The CSA confirms that if it becomes aware of any distributions or trades of Bail-in Debt by persons or companies in the business of trading in securities that are being made to investors located in Canada that are not being made either: (i) by or through a registered dealer (in accordance with investor protection requirements applicable to that registered dealer under NI 31-103); or (ii) in compliance with the international dealer registration exemption in section 8.18 of NI 31-103, the CSA will consider whether regulatory action is appropriate. This would include seeking a cease-trade order in respect of the Bail-in Debt, where warranted.
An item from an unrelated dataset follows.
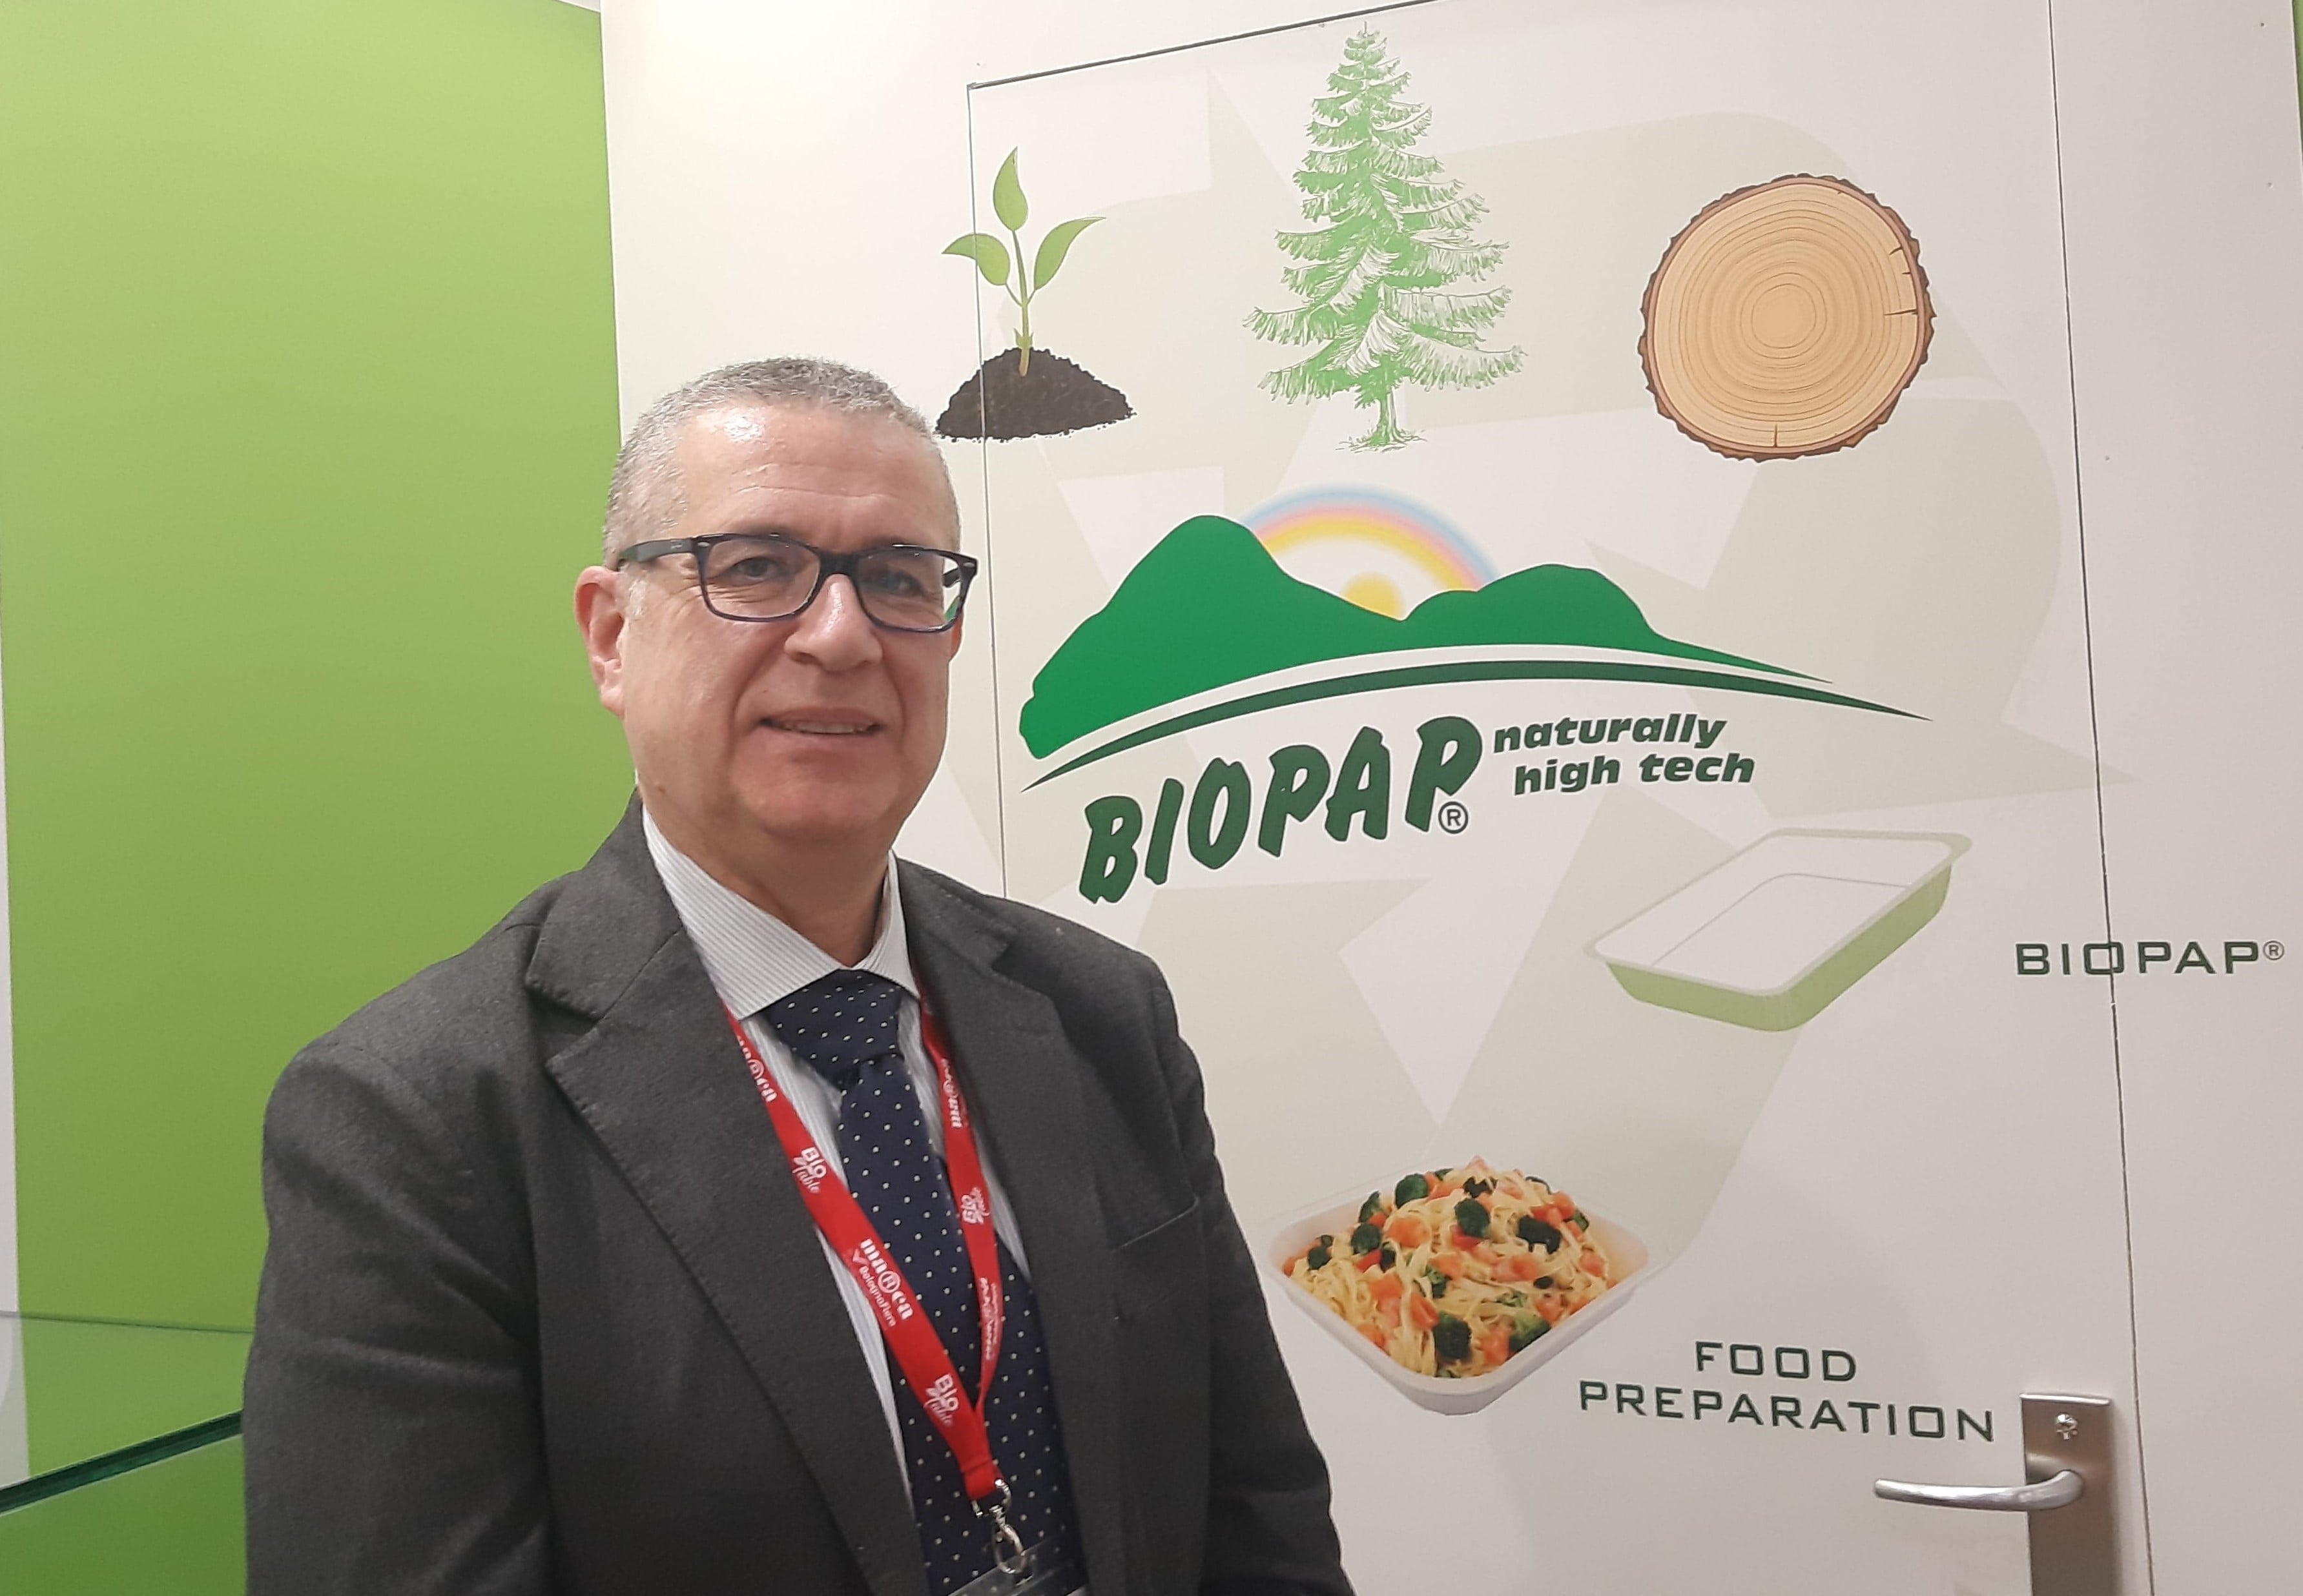 Dal freezer al forno, Biopap promuove economia circolare

CSA Staff Notice 81-331 – Bail-in implications for investment funds:
The CSA also confirms that money market funds are permitted to invest in a Bail-in Debt provided that the Bail-in Debt continues to meet the prescribed eligibility requirements applicable to money market funds as set out in subsection 2.18(1) of NI 81-102. This requires, for example, investment fund managers (IFMs) to continually monitor their investments in a Bail-in Debt to ensure such investments are in compliance with the designated rating requirements, and are generally readily convertible to cash. In addition, the CSA notes that an IFM that chooses to invest in a Bail-in Debt must fully understand the key implications of doing so and take into consideration any risks to their funds as a result of the investment, such as the risk that the CDIC may convert all or a portion of a Bail-in Debt into common shares.
Lastly, the CSA reiterates that if an IFM, or one or more of its investment funds, hold a Bail-in Debt, such holdings must be consistent with the fund’s investment objectives and strategies and be held in compliance with NI 81-102, as applicable.